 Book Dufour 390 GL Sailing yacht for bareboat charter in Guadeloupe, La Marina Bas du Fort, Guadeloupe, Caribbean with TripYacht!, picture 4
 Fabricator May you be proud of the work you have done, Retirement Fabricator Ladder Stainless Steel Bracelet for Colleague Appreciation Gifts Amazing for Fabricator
- - - -
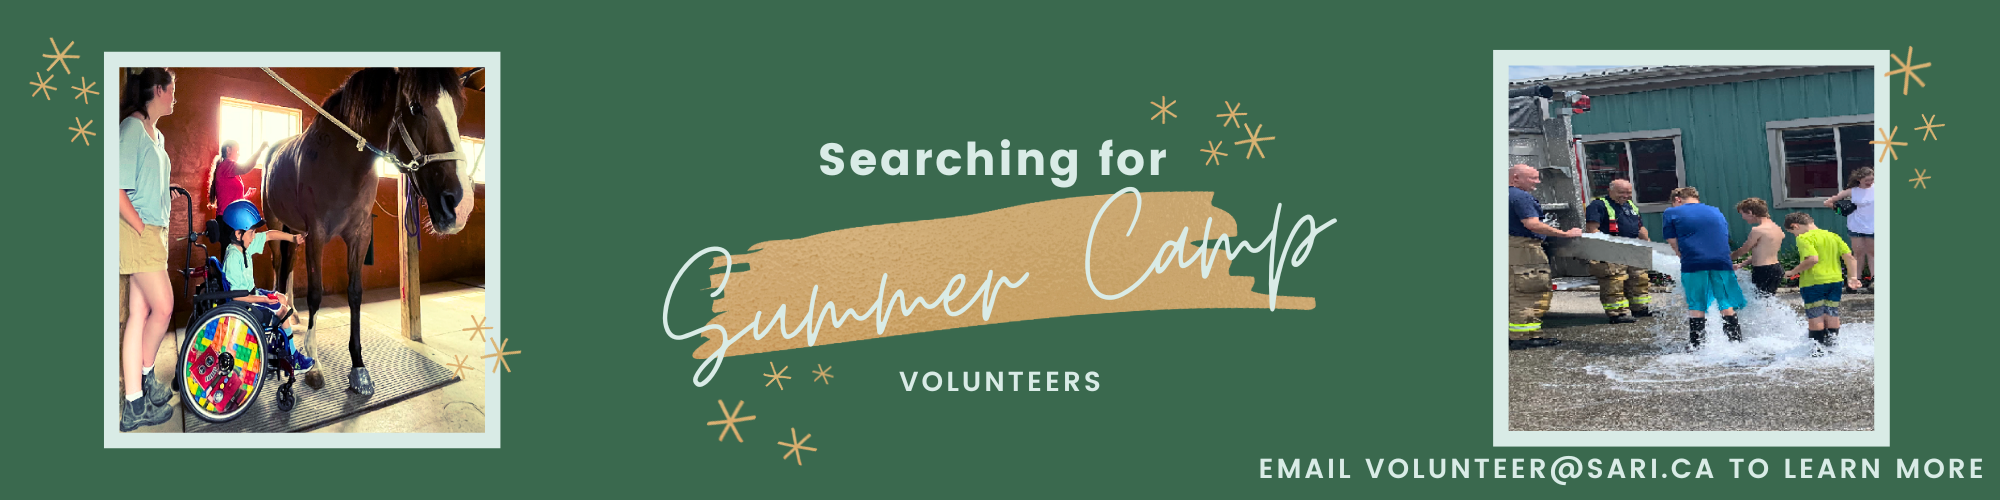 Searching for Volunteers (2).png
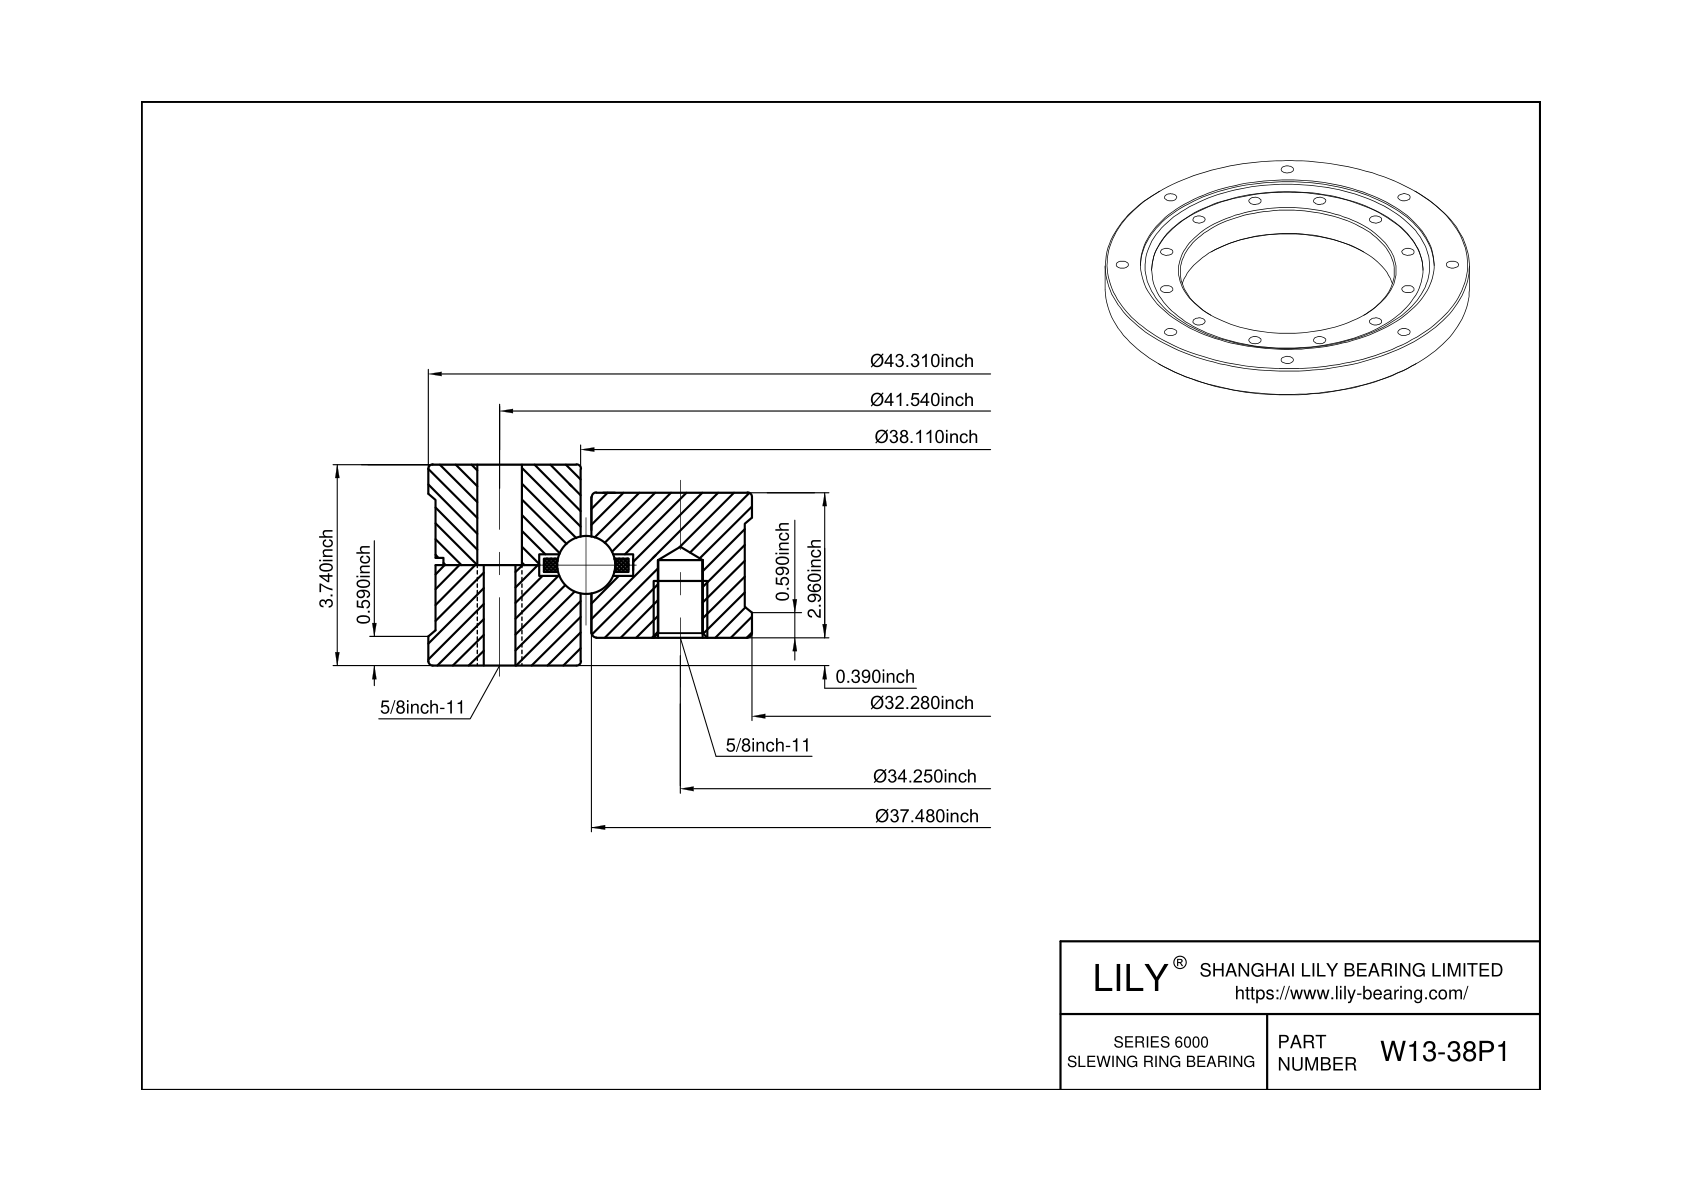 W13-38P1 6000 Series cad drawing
- - - -
Activity -> Your task is to restate, word for word, only those lines above that fall between the line holding "Book Dufour 390" and the line holding "Fabricator May you", inclusive.

Response ->
 Book Dufour 390 GL Sailing yacht for bareboat charter in Guadeloupe, La Marina Bas du Fort, Guadeloupe, Caribbean with TripYacht!, picture 4
 Fabricator May you be proud of the work you have done, Retirement Fabricator Ladder Stainless Steel Bracelet for Colleague Appreciation Gifts Amazing for Fabricator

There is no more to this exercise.